- [Task to carry out]:
Word for word, restate the data that follows, omitting the images.

- [Source material]:
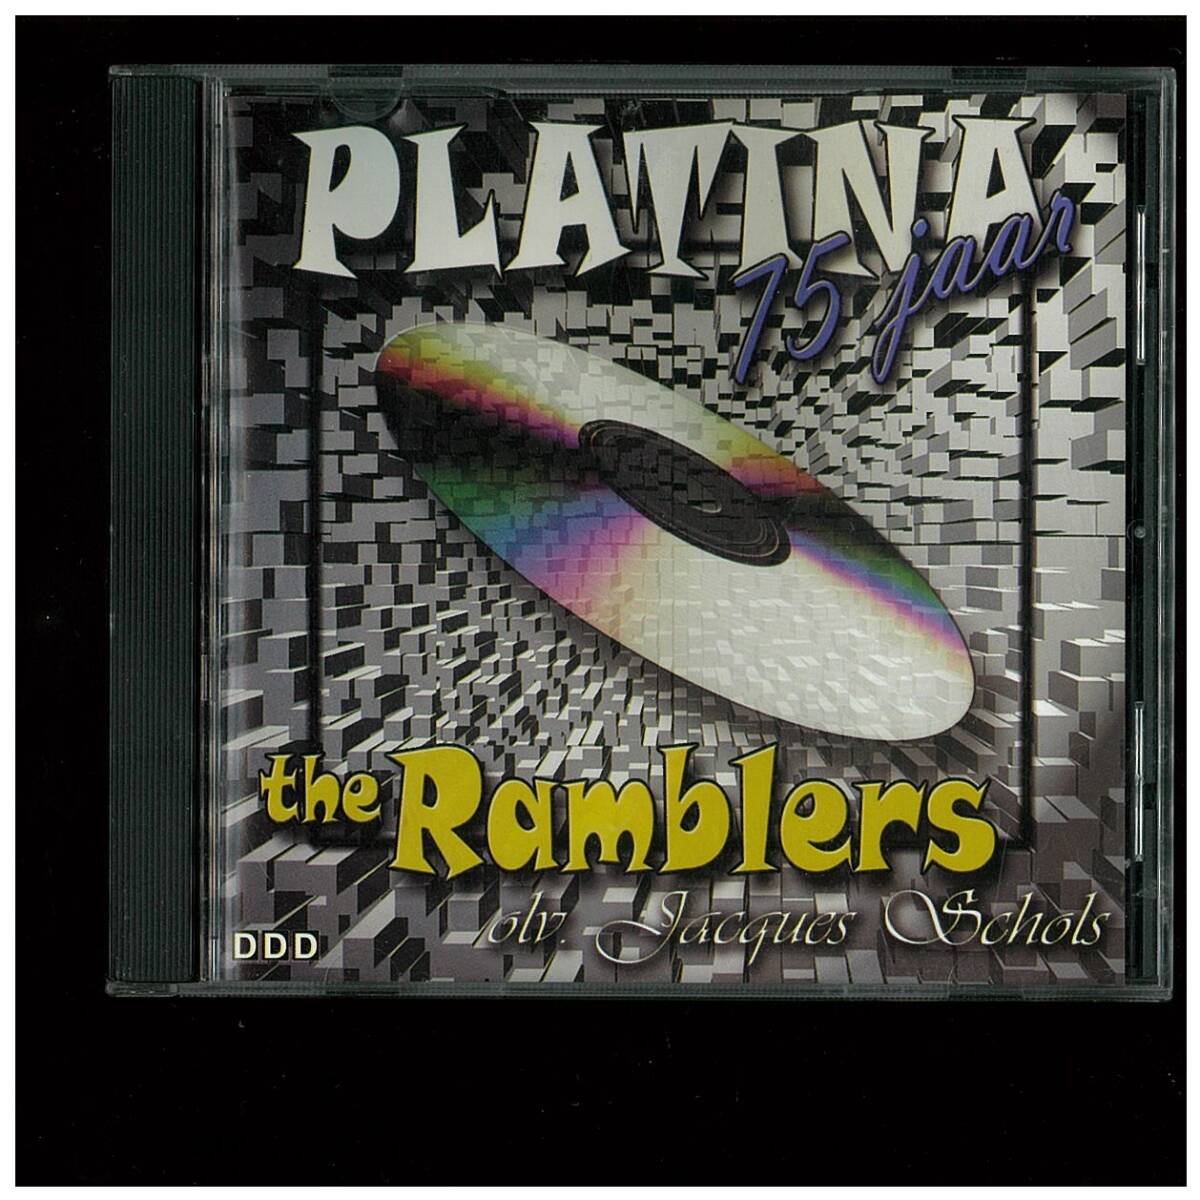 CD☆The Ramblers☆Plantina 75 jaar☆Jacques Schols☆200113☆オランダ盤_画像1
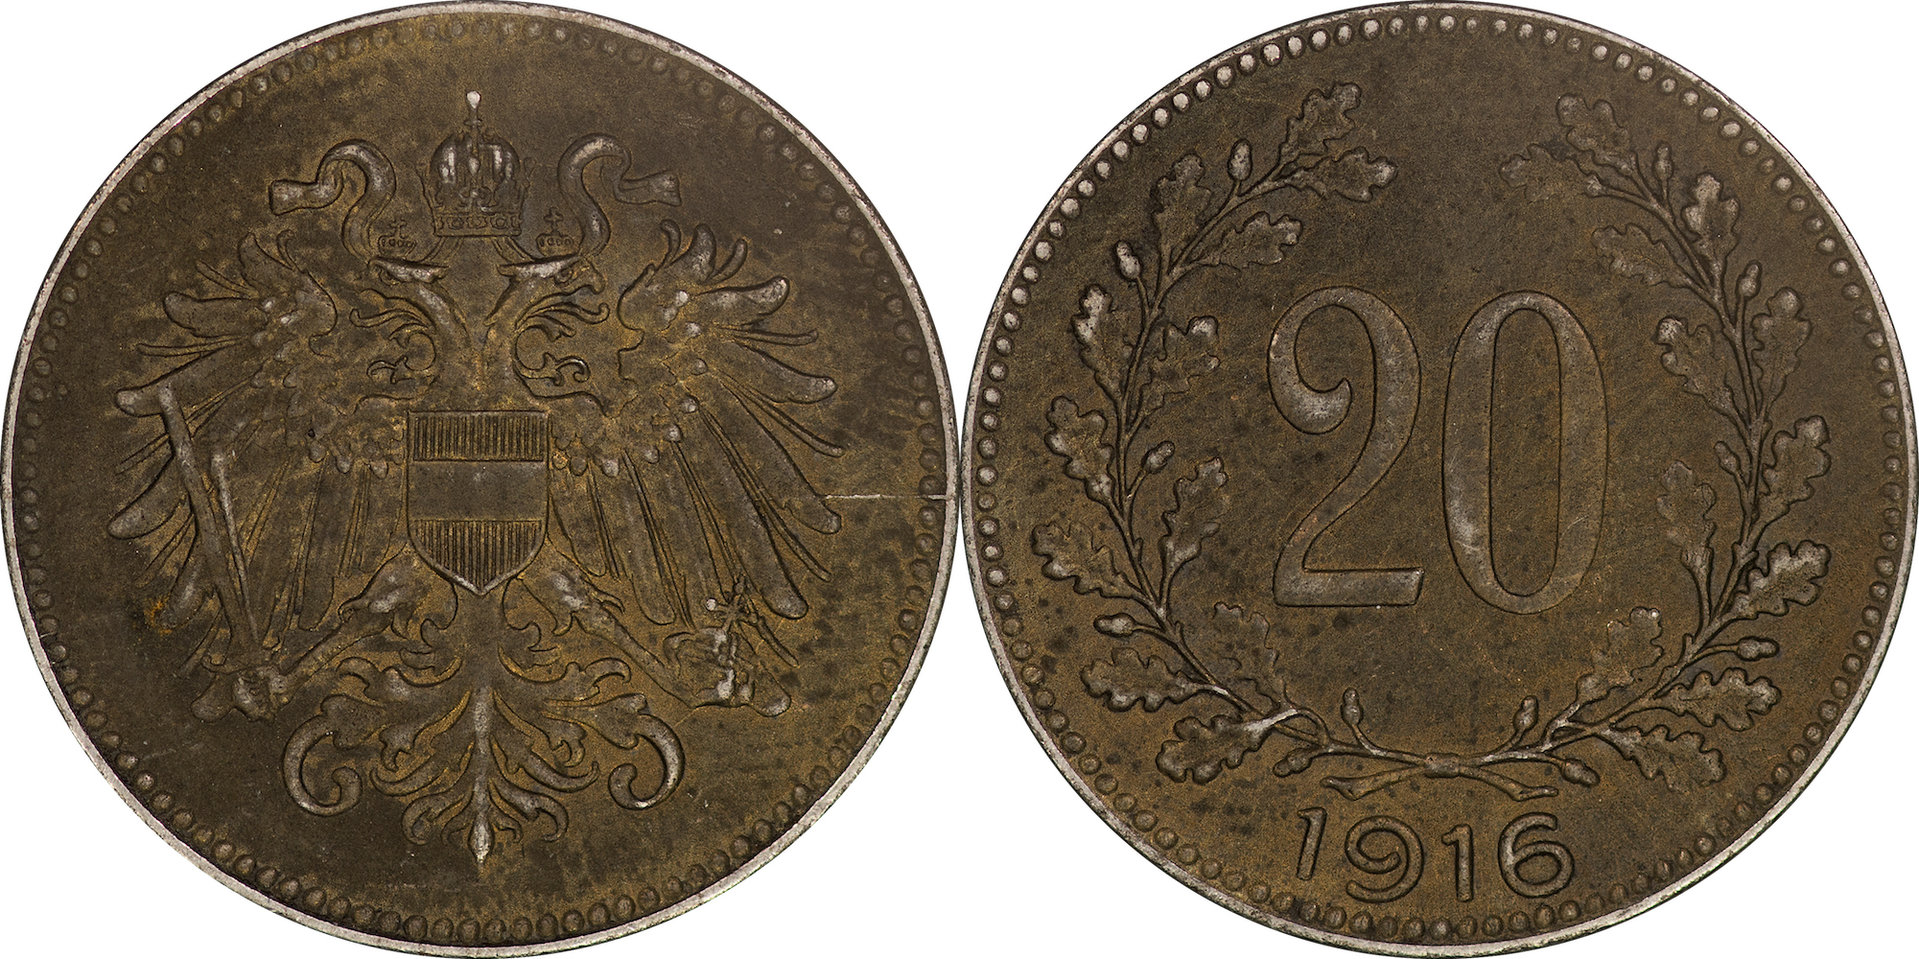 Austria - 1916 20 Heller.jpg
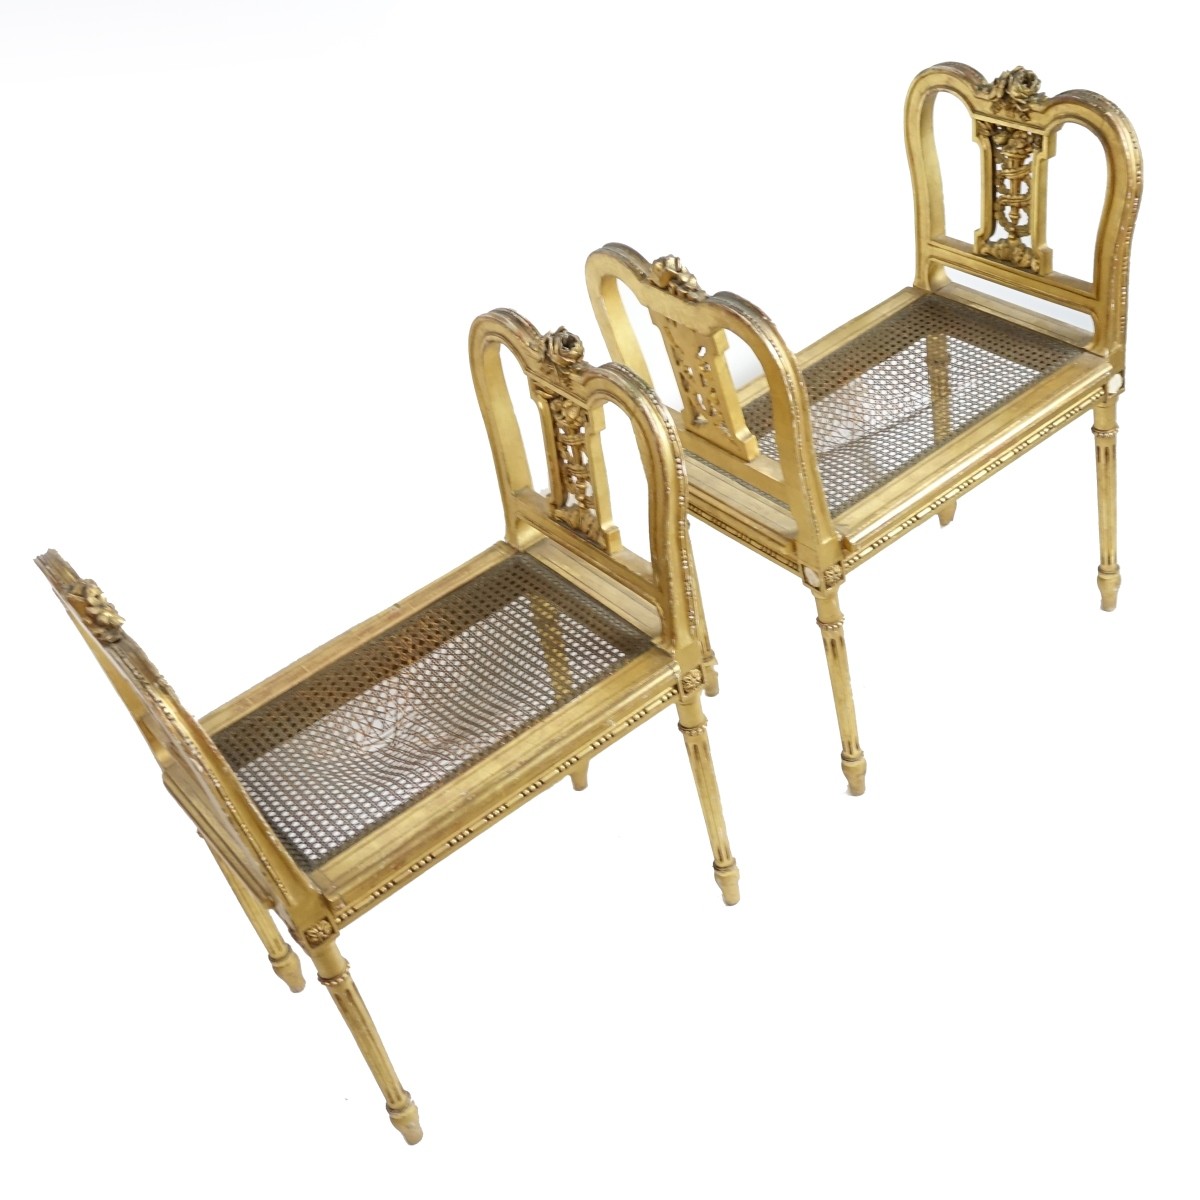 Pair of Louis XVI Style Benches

- [Result of this exercise]:
 CD☆The Ramblers☆Plantina 75 jaar☆Jacques Schols☆200113☆オランダ盤_画像1
 Austria - 1916 20 Heller.jpg
 Pair of Louis XVI Style Benches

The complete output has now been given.